• [MATERIAL FOR THIS EXERCISE]

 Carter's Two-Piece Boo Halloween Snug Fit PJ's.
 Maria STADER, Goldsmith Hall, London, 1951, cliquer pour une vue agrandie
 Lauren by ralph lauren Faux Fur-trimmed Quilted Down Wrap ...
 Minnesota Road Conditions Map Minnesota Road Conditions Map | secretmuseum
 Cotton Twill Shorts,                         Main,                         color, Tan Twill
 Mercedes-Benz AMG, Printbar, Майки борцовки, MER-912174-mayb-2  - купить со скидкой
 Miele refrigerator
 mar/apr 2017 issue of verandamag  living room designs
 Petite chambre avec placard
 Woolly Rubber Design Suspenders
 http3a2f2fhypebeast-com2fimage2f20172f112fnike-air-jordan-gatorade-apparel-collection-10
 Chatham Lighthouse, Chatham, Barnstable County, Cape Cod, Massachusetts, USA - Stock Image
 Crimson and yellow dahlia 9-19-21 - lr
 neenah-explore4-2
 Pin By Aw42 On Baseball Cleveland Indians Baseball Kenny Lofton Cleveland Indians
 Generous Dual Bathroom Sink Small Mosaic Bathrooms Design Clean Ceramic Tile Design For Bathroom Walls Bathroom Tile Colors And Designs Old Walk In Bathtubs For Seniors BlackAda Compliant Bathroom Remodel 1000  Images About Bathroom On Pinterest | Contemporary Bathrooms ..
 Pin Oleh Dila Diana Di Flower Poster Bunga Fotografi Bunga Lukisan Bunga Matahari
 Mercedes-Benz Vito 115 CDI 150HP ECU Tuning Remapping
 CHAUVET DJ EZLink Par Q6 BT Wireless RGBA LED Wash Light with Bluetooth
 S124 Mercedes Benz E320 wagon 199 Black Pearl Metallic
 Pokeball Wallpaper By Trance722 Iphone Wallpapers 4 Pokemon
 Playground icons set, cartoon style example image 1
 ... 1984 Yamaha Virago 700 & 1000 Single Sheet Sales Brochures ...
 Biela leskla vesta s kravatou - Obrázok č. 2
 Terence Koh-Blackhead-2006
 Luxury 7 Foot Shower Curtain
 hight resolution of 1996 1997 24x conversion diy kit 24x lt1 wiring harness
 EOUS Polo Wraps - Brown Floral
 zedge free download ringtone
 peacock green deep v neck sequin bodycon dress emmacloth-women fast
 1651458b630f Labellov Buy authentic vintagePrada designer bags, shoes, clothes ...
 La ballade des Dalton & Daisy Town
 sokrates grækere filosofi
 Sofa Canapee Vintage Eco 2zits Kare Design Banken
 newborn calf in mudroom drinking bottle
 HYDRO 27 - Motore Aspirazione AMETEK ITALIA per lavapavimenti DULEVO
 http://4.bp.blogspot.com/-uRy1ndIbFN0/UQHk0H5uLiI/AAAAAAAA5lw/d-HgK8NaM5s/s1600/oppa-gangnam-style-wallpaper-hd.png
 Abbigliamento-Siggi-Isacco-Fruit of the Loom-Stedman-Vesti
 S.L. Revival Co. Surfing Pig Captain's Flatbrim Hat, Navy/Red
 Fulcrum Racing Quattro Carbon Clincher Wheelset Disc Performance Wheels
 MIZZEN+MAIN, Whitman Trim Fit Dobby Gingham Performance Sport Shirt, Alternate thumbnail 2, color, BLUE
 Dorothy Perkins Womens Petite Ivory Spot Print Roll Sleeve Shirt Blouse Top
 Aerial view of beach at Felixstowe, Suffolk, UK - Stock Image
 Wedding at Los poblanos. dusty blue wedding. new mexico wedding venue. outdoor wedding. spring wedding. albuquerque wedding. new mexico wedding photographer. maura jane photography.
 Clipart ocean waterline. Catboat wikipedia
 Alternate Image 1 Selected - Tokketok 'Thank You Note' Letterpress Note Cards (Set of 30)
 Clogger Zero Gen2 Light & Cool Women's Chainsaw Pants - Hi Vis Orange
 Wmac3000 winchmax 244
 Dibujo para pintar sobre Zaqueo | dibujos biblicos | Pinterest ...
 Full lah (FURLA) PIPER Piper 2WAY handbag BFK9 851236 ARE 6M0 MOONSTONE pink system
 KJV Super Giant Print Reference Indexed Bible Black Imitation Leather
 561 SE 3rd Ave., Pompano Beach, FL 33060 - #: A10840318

• [EXERCISE REQUIREMENTS] Copy out all of the lines above exactly.

• [EXERCISE RESPONSE]
 Carter's Two-Piece Boo Halloween Snug Fit PJ's.
 Maria STADER, Goldsmith Hall, London, 1951, cliquer pour une vue agrandie
 Lauren by ralph lauren Faux Fur-trimmed Quilted Down Wrap ...
 Minnesota Road Conditions Map Minnesota Road Conditions Map | secretmuseum
 Cotton Twill Shorts,                         Main,                         color, Tan Twill
 Mercedes-Benz AMG, Printbar, Майки борцовки, MER-912174-mayb-2  - купить со скидкой
 Miele refrigerator
 mar/apr 2017 issue of verandamag  living room designs
 Petite chambre avec placard
 Woolly Rubber Design Suspenders
 http3a2f2fhypebeast-com2fimage2f20172f112fnike-air-jordan-gatorade-apparel-collection-10
 Chatham Lighthouse, Chatham, Barnstable County, Cape Cod, Massachusetts, USA - Stock Image
 Crimson and yellow dahlia 9-19-21 - lr
 neenah-explore4-2
 Pin By Aw42 On Baseball Cleveland Indians Baseball Kenny Lofton Cleveland Indians
 Generous Dual Bathroom Sink Small Mosaic Bathrooms Design Clean Ceramic Tile Design For Bathroom Walls Bathroom Tile Colors And Designs Old Walk In Bathtubs For Seniors BlackAda Compliant Bathroom Remodel 1000  Images About Bathroom On Pinterest | Contemporary Bathrooms ..
 Pin Oleh Dila Diana Di Flower Poster Bunga Fotografi Bunga Lukisan Bunga Matahari
 Mercedes-Benz Vito 115 CDI 150HP ECU Tuning Remapping
 CHAUVET DJ EZLink Par Q6 BT Wireless RGBA LED Wash Light with Bluetooth
 S124 Mercedes Benz E320 wagon 199 Black Pearl Metallic
 Pokeball Wallpaper By Trance722 Iphone Wallpapers 4 Pokemon
 Playground icons set, cartoon style example image 1
 ... 1984 Yamaha Virago 700 & 1000 Single Sheet Sales Brochures ...
 Biela leskla vesta s kravatou - Obrázok č. 2
 Terence Koh-Blackhead-2006
 Luxury 7 Foot Shower Curtain
 hight resolution of 1996 1997 24x conversion diy kit 24x lt1 wiring harness
 EOUS Polo Wraps - Brown Floral
 zedge free download ringtone
 peacock green deep v neck sequin bodycon dress emmacloth-women fast
 1651458b630f Labellov Buy authentic vintagePrada designer bags, shoes, clothes ...
 La ballade des Dalton & Daisy Town
 sokrates grækere filosofi
 Sofa Canapee Vintage Eco 2zits Kare Design Banken
 newborn calf in mudroom drinking bottle
 HYDRO 27 - Motore Aspirazione AMETEK ITALIA per lavapavimenti DULEVO
 http://4.bp.blogspot.com/-uRy1ndIbFN0/UQHk0H5uLiI/AAAAAAAA5lw/d-HgK8NaM5s/s1600/oppa-gangnam-style-wallpaper-hd.png
 Abbigliamento-Siggi-Isacco-Fruit of the Loom-Stedman-Vesti
 S.L. Revival Co. Surfing Pig Captain's Flatbrim Hat, Navy/Red
 Fulcrum Racing Quattro Carbon Clincher Wheelset Disc Performance Wheels
 MIZZEN+MAIN, Whitman Trim Fit Dobby Gingham Performance Sport Shirt, Alternate thumbnail 2, color, BLUE
 Dorothy Perkins Womens Petite Ivory Spot Print Roll Sleeve Shirt Blouse Top
 Aerial view of beach at Felixstowe, Suffolk, UK - Stock Image
 Wedding at Los poblanos. dusty blue wedding. new mexico wedding venue. outdoor wedding. spring wedding. albuquerque wedding. new mexico wedding photographer. maura jane photography.
 Clipart ocean waterline. Catboat wikipedia
 Alternate Image 1 Selected - Tokketok 'Thank You Note' Letterpress Note Cards (Set of 30)
 Clogger Zero Gen2 Light & Cool Women's Chainsaw Pants - Hi Vis Orange
 Wmac3000 winchmax 244
 Dibujo para pintar sobre Zaqueo | dibujos biblicos | Pinterest ...
 Full lah (FURLA) PIPER Piper 2WAY handbag BFK9 851236 ARE 6M0 MOONSTONE pink system
 KJV Super Giant Print Reference Indexed Bible Black Imitation Leather
 561 SE 3rd Ave., Pompano Beach, FL 33060 - #: A10840318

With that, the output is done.